The original partitioning of hospitals in referral regions fitted better (i.e. maximised the pair-wise F-statistic, F, between regions) than most of the random partitions (Fig. 3a, b). Even for East-1 and East-2, the only referral regions in this analysis with a border and with three or more hospitals in the dataset, the bacterial populations differed significantly from the random partitions, despite the geographical proximity. In only two instances did a random partitioning at the country level result in a higher F. Both involved a partitioning between Scotland and Northern Ireland that included hospitals A, E and G in Scotland (all in the West of Scotland) and either hospital Scotland-D (F=0.780) or hospital Scotland-B (0.723) being included with the hospitals in Northern Ireland, instead of with the rest of Scotland (0.714). Otherwise health care regions defined on the basis of the observed patient referral between hospitals were the best way to divide the bacterial populations of all hospitals.

Fig. 3.

Comparing hospital populations using Wright’s F-statistic. (a) The partitioning of hospitals according to their referral region delivers the best distinction between genetic populations. The F values of the genetic populations between any two regions are significantly higher when using the original partitioning compared with any other possible partitioning of those hospitals. (b) On the level of countries, while excluding countries with fewer than three hospitals available (in grey), just two possible divisions results in higher F than the original partitioning (both between Northern Ireland and Scotland). (c) The distance matrix shows the F value between each of the hospitals, divided into 3-year intervals. Boxes show the F values that fall within single hospitals, regions and countries. (d) The mean F values within each level (H, Hospital; R, Region; C, Country) are lower than expected at random. This applies to both F values between hospital-time-frames and between hospitals. The distances between time-frames (T) from the same years is not different.

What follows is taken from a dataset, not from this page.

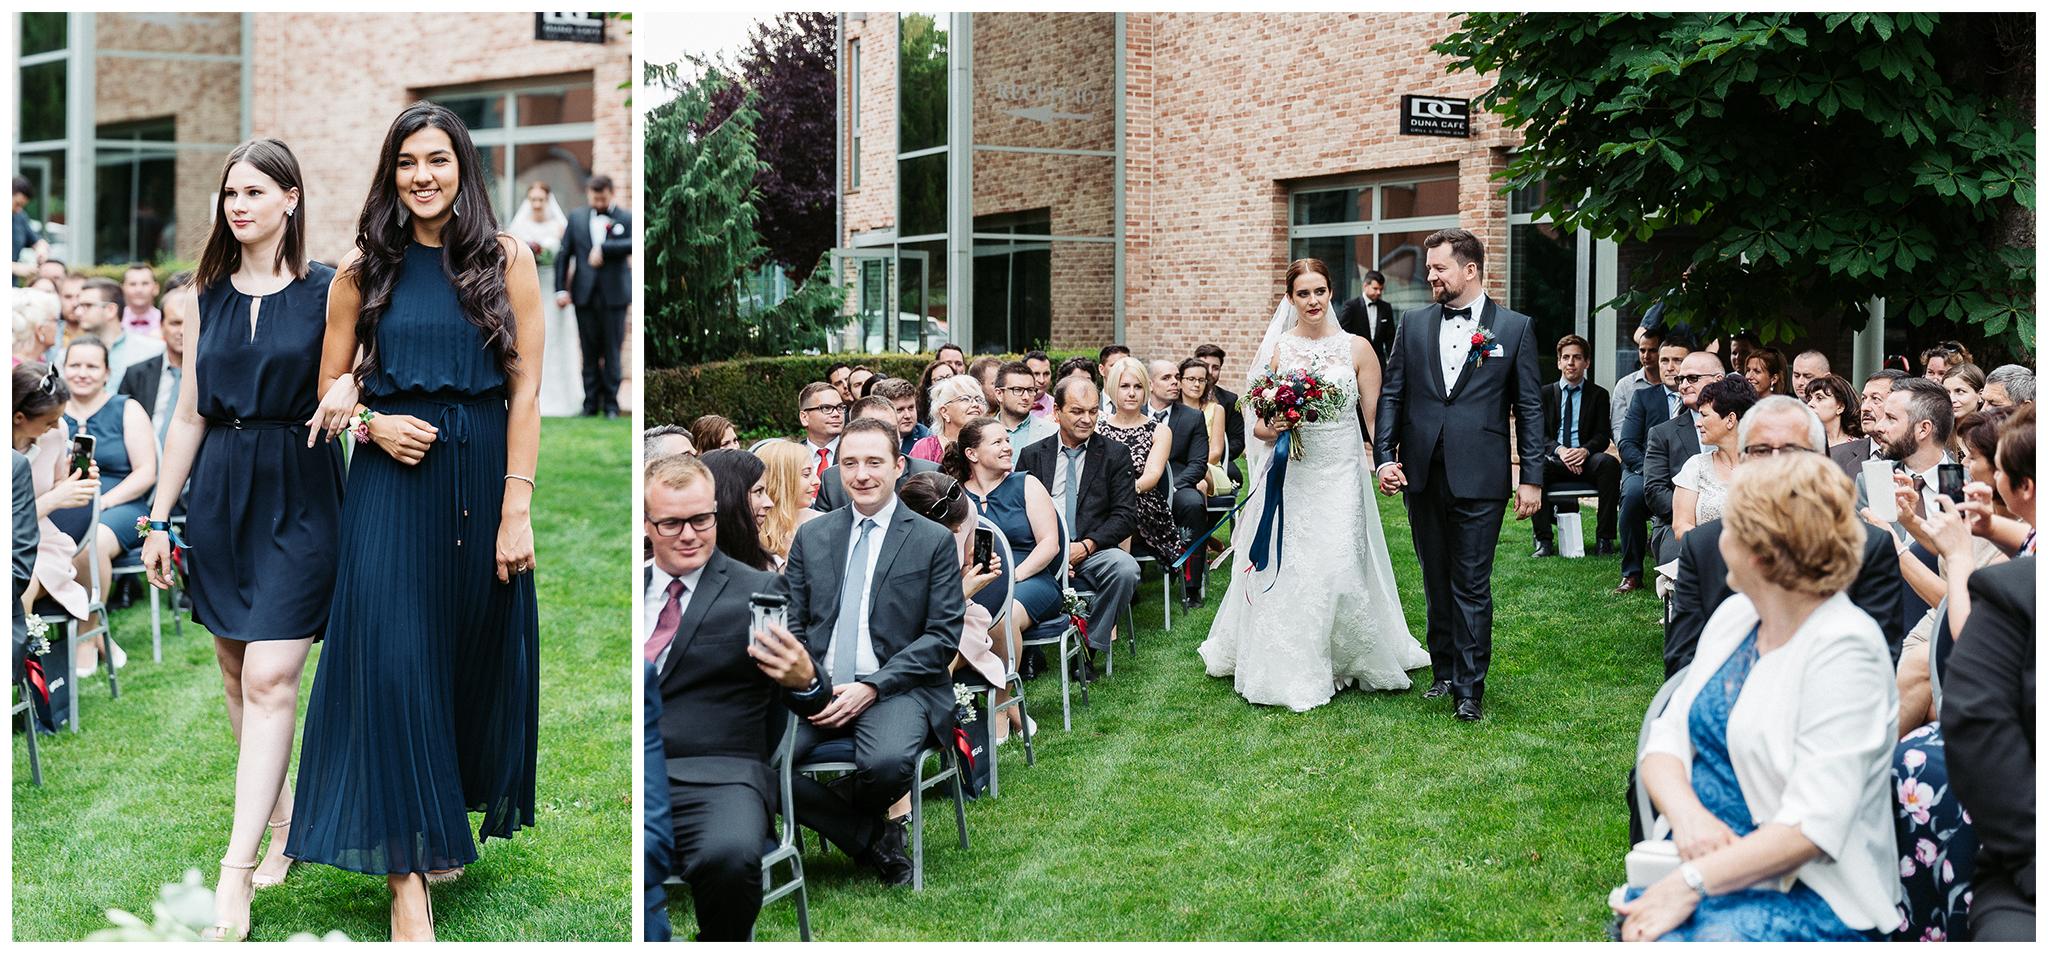 MONT_FylepPhoto, Esküvőfotós Vasmegye, Esküvő fotózás, Esküvői fotós, Körmend, Vas megye, Dunántúl, Budapest, Fülöp Péter, Jegyes fotózás, jegyes, kreatív, kreatívfotózás,Wien,Ausztira,Österreich,hochzeitsfotograf_V&M_027.jpg

The genetic differences between pairs of bacterial populations show the clear hierarchical structure of the MRSA population in the UK and I (Fig. 3c). Bacterial populations within each hospital were genetically most similar, followed by those within each region, and finally those within each country (Fig. 3d). This was also observed when comparing the bacterial populations of hospitals irrespective of the time of isolation. Bacterial populations from the same time period from different hospitals as equally divergent as any randomly chosen combination of populations, indicating that the MRSA populations within hospitals are largely conserved over time.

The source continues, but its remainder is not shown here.